• [REQUIRED ACTION]
Nothing outside the lines below from the one containing "So What Happened" through the one containing "Garnier Skin Naturals" is to be printed; print those exactly, ends included, and drop the pictures.

• [MATERIAL SHOWN]
━━━
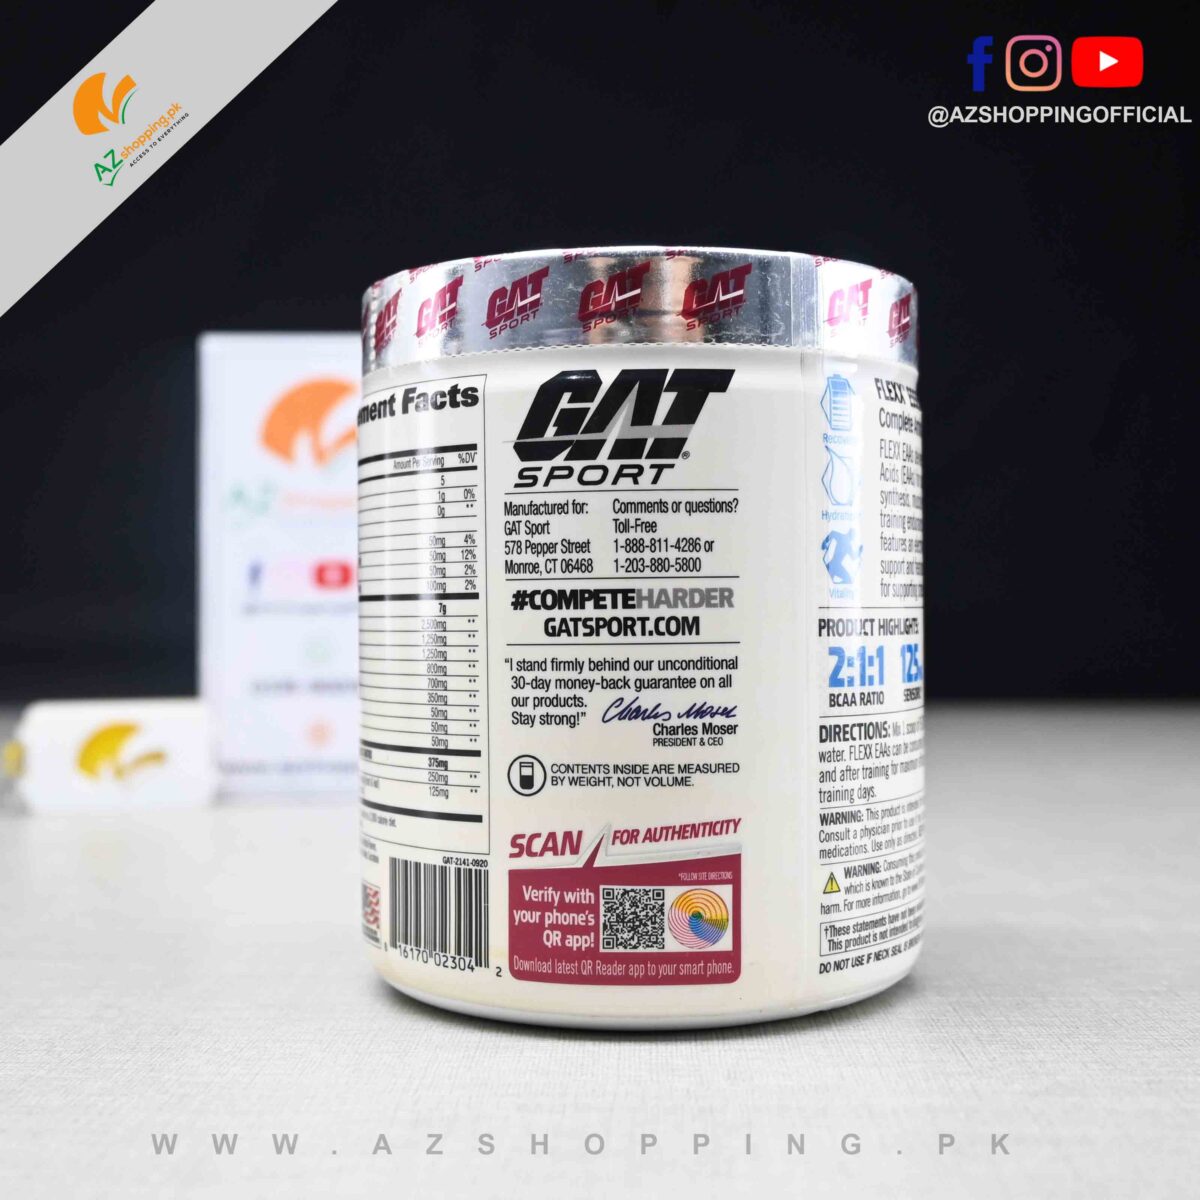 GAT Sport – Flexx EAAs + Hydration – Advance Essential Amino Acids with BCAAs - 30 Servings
━━━
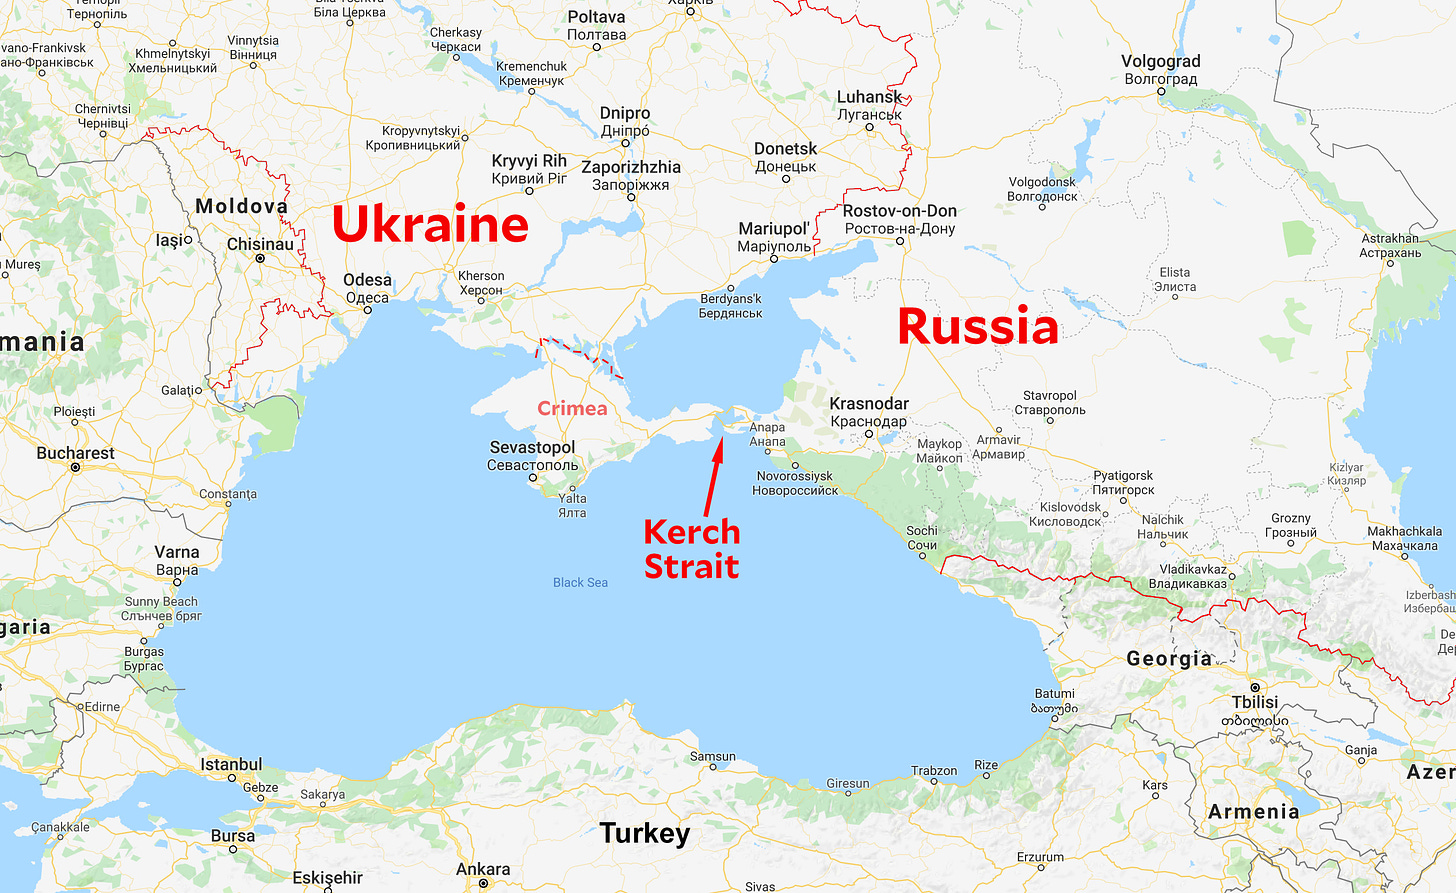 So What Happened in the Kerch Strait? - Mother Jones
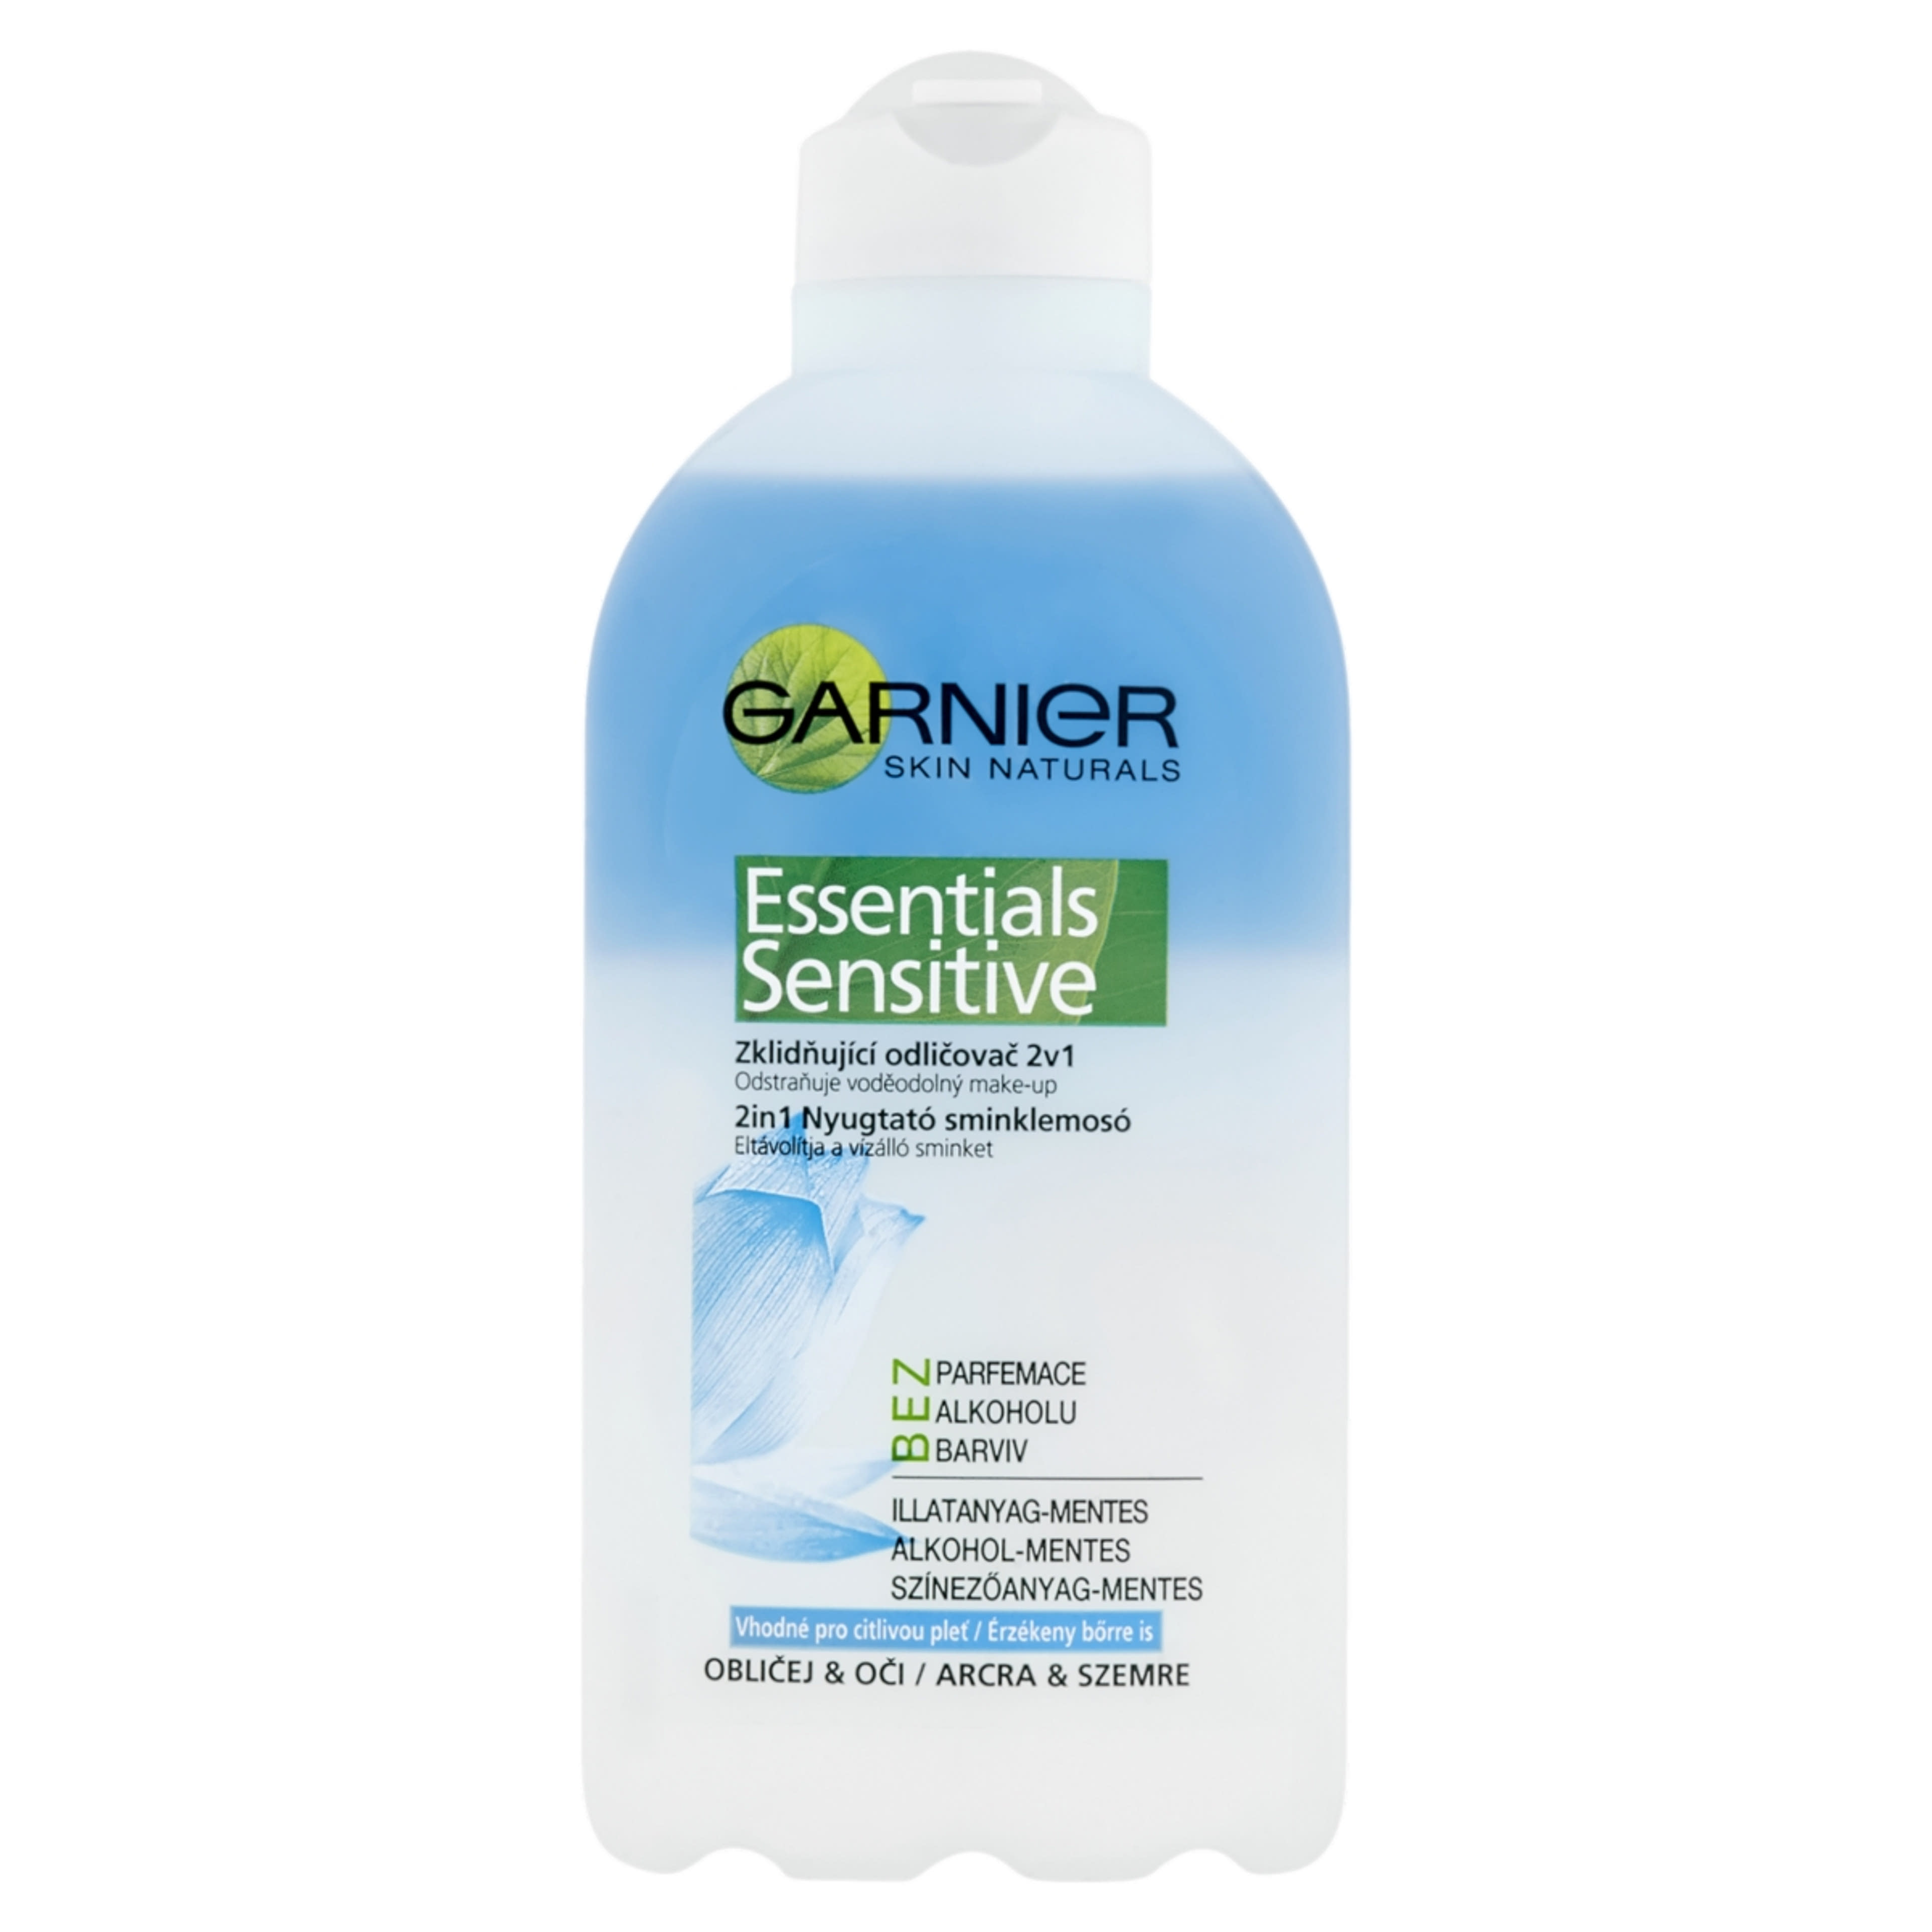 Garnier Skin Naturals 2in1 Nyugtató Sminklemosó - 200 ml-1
━━━
• [WRITTEN RESPONSE]
 So What Happened in the Kerch Strait? - Mother Jones
 Garnier Skin Naturals 2in1 Nyugtató Sminklemosó - 200 ml-1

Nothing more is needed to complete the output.